YOUR GOAL
For the records that follow, please set down exactly the lines between the one holding "Spectacular EJ Victor" and the one holding "Please understand nearly all of", inclusive, and only those.

DATA EXTRACTS
----------------

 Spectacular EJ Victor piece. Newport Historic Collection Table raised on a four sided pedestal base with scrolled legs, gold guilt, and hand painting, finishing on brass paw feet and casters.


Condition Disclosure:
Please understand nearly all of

----------------

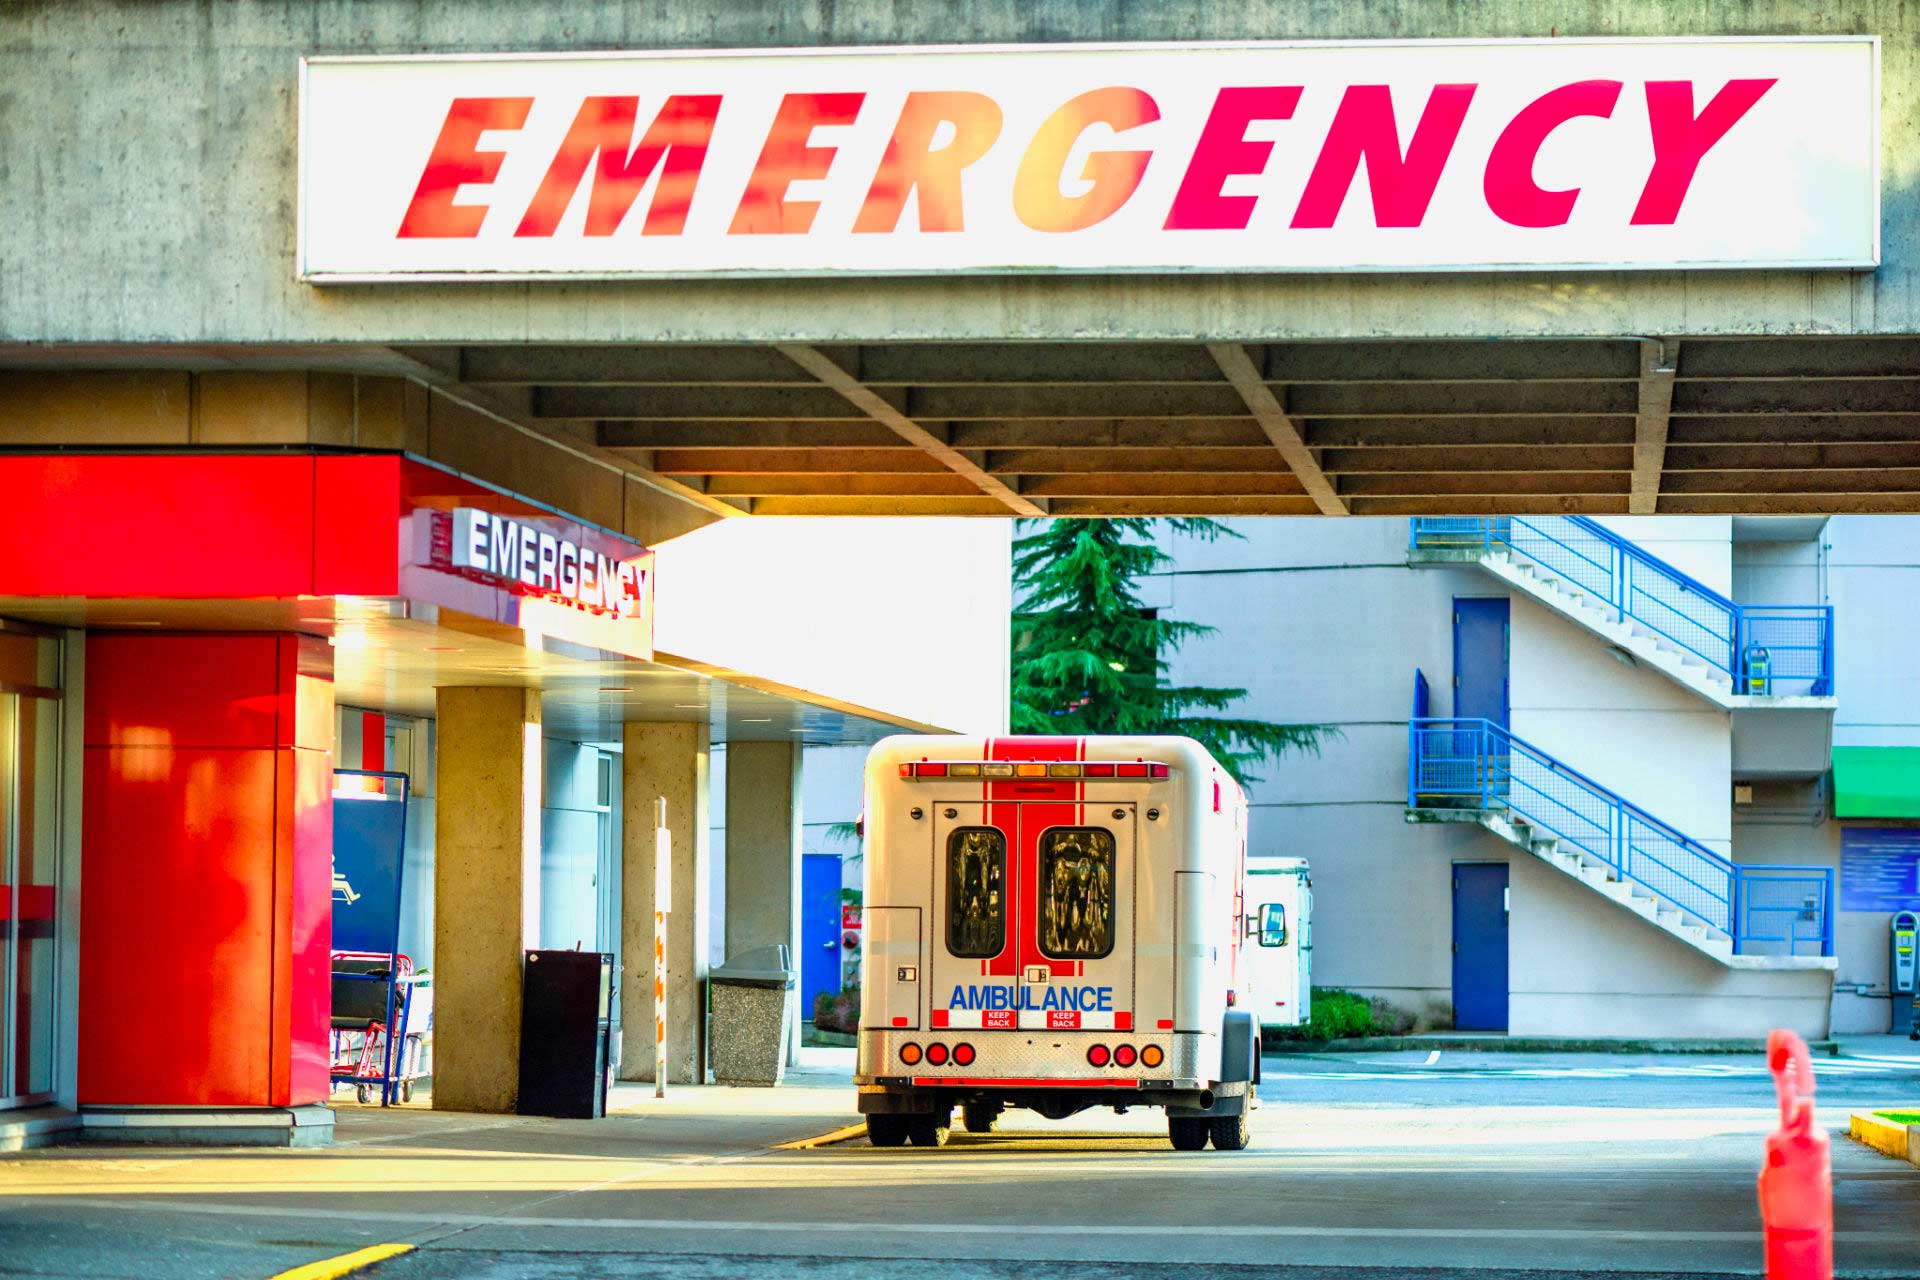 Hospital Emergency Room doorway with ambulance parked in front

----------------

EXPECTED ANSWER
 Spectacular EJ Victor piece. Newport Historic Collection Table raised on a four sided pedestal base with scrolled legs, gold guilt, and hand painting, finishing on brass paw feet and casters.


Condition Disclosure:
Please understand nearly all of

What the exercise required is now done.